_To do_: Once the line holding "Zur Veranschaulichung, zeigt" is found, output it and all remaining lines of the data exactly, with every picture left out.

_Material provided_:
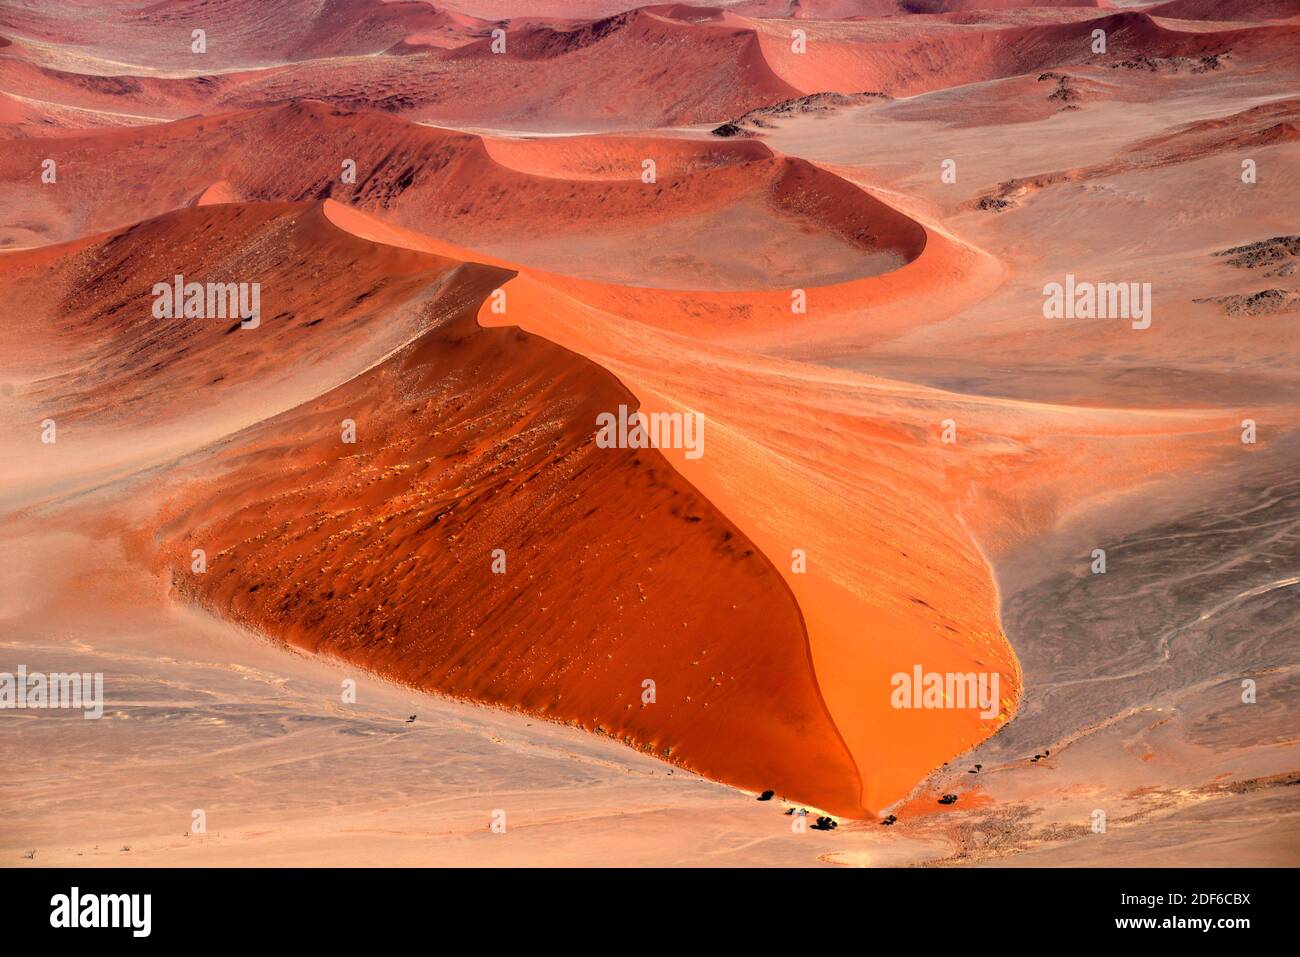 Photographie aérienne des dunes du désert du Namib. Dune est une colline de sable meuble porté pour le vent. Namibie. Banque D'Images
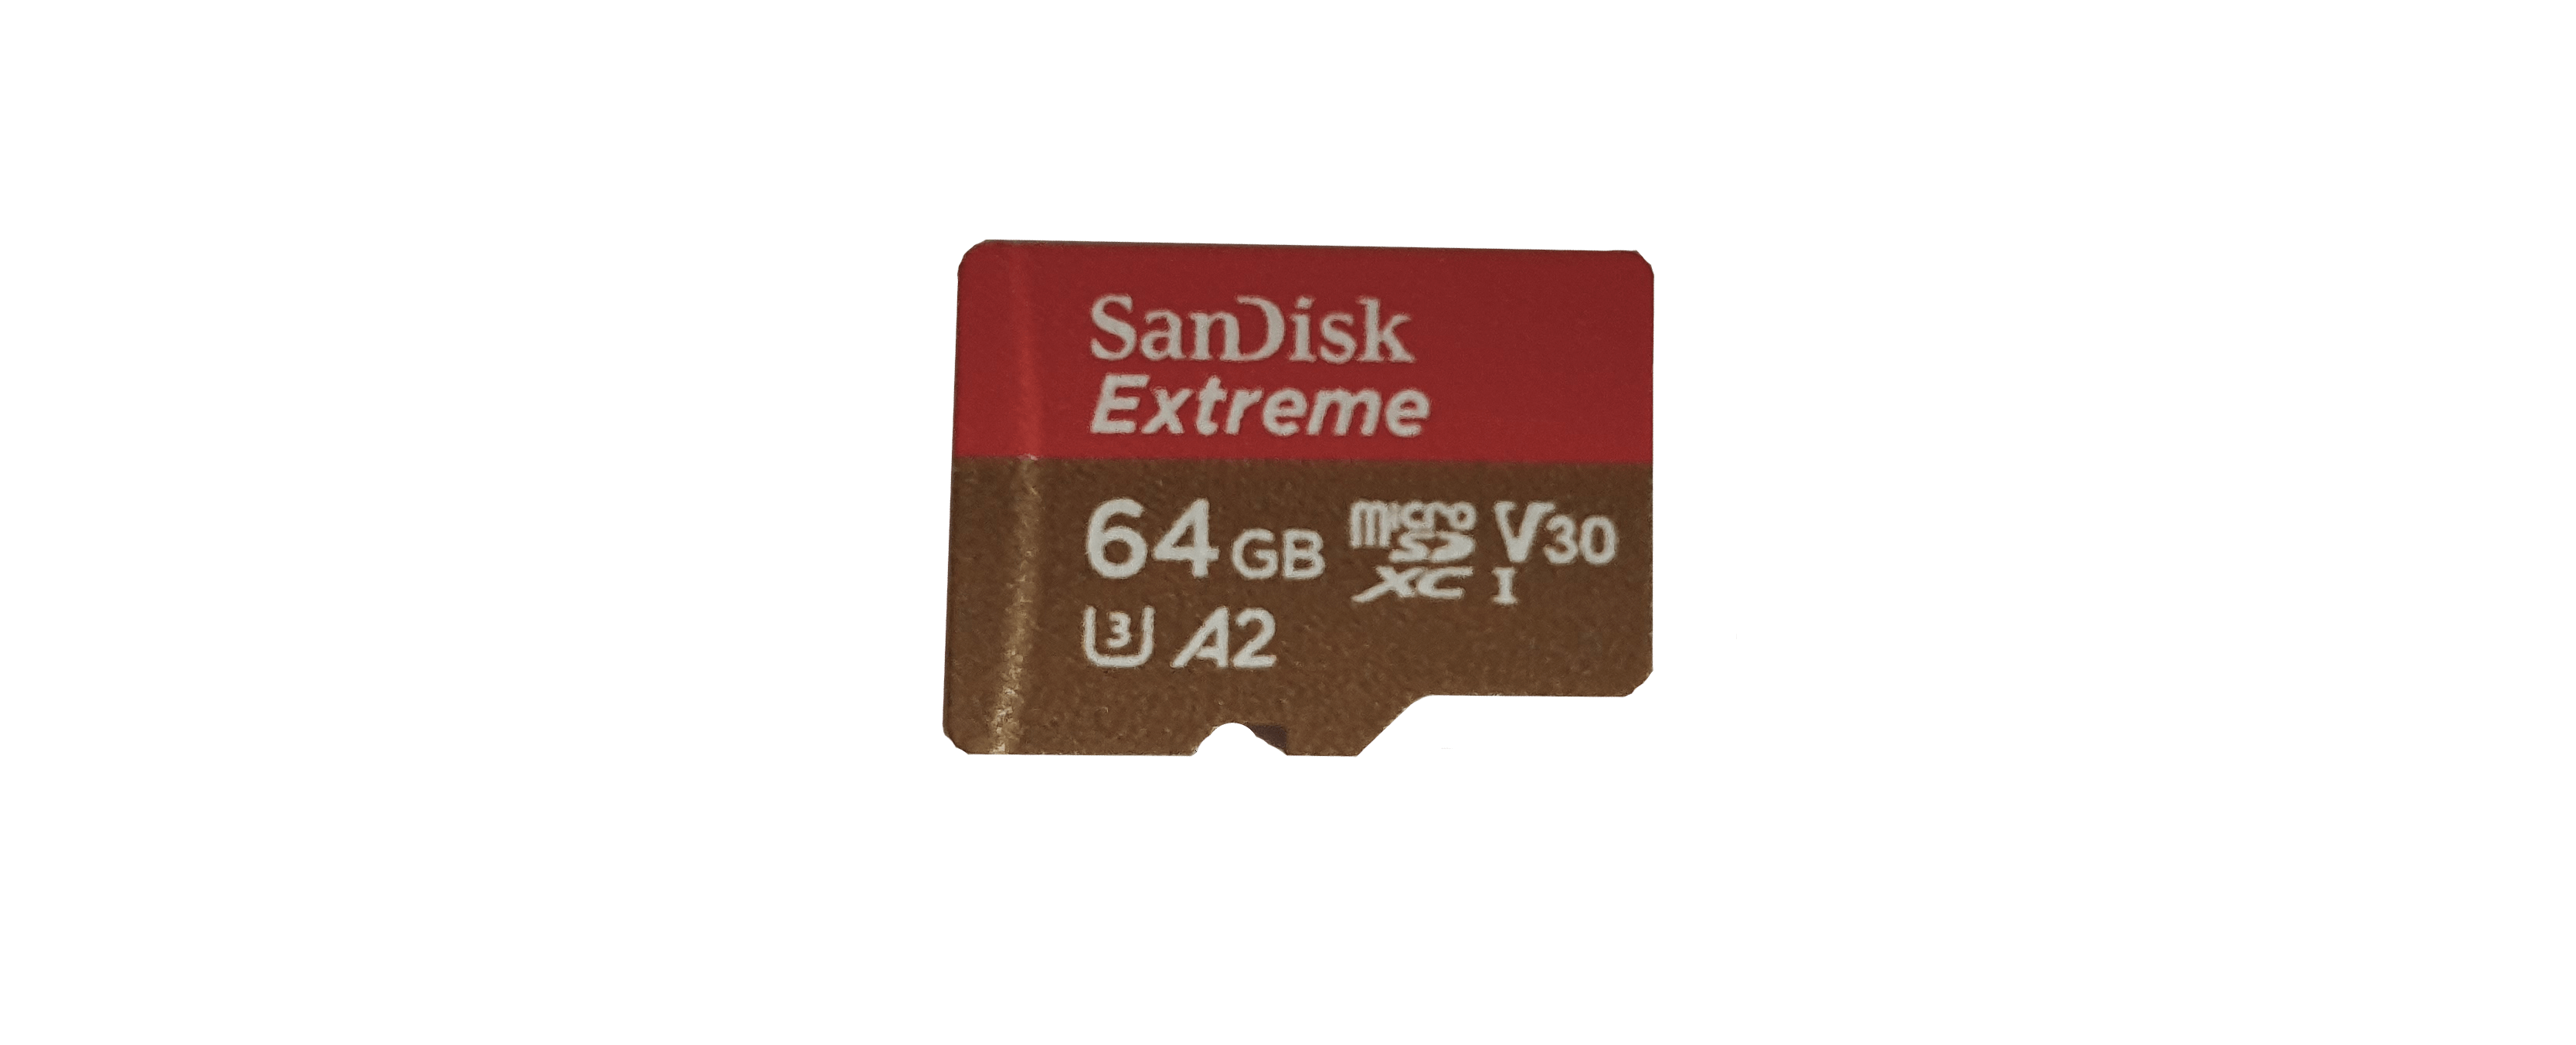 Zur Veranschaulichung, zeigt dieses Bild 64GB - Klasse 10 Mikro SD Karte
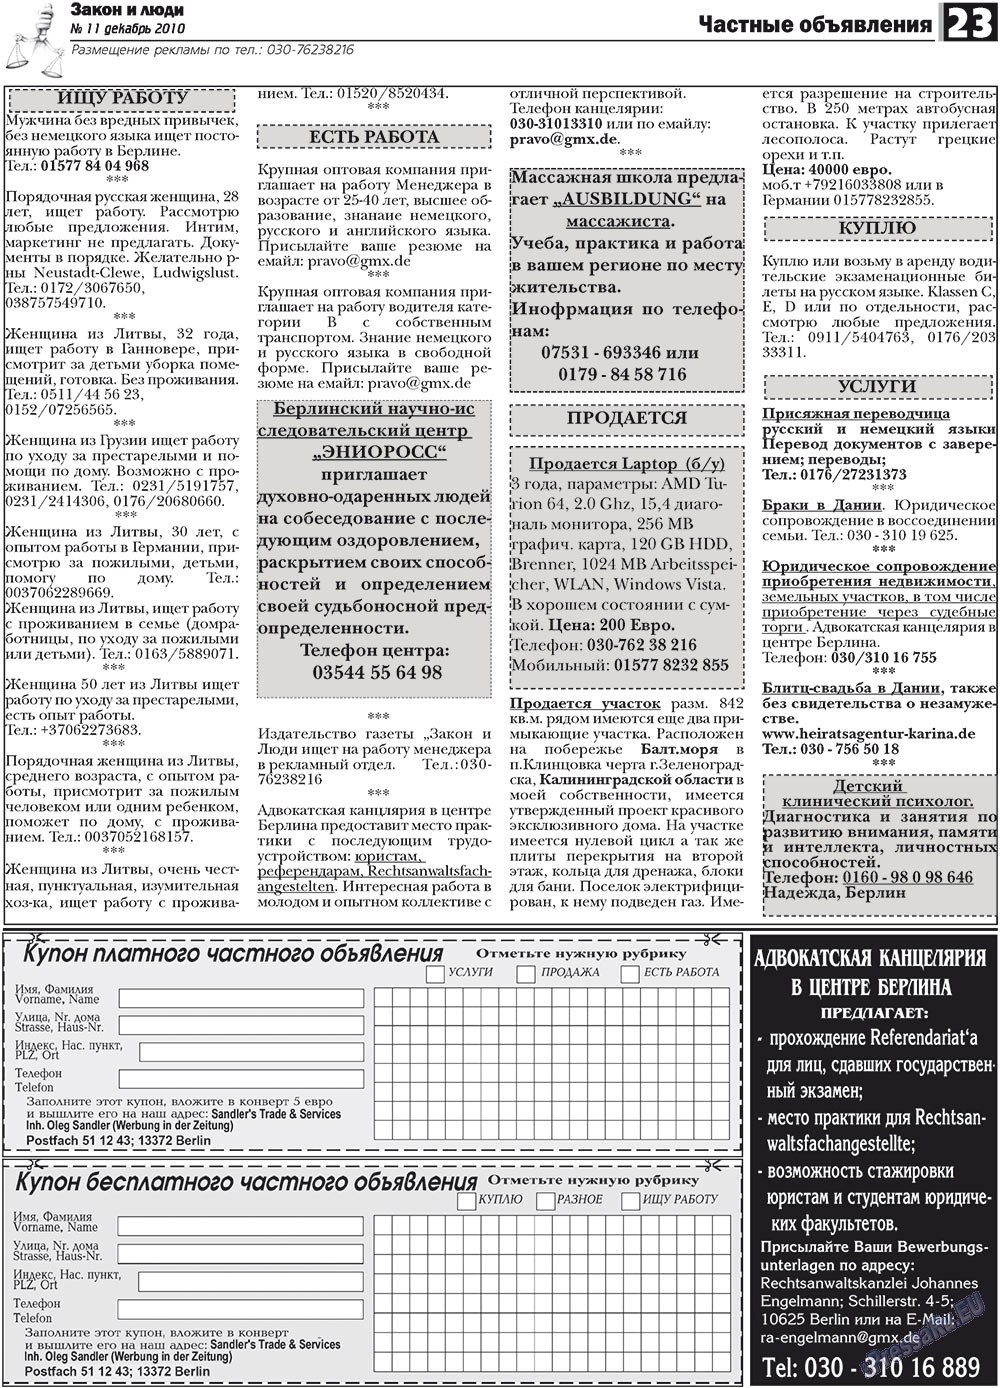 Закон и люди, газета. 2010 №11 стр.23

_Written answer_:
 Zur Veranschaulichung, zeigt dieses Bild 64GB - Klasse 10 Mikro SD Karte
 Закон и люди, газета. 2010 №11 стр.23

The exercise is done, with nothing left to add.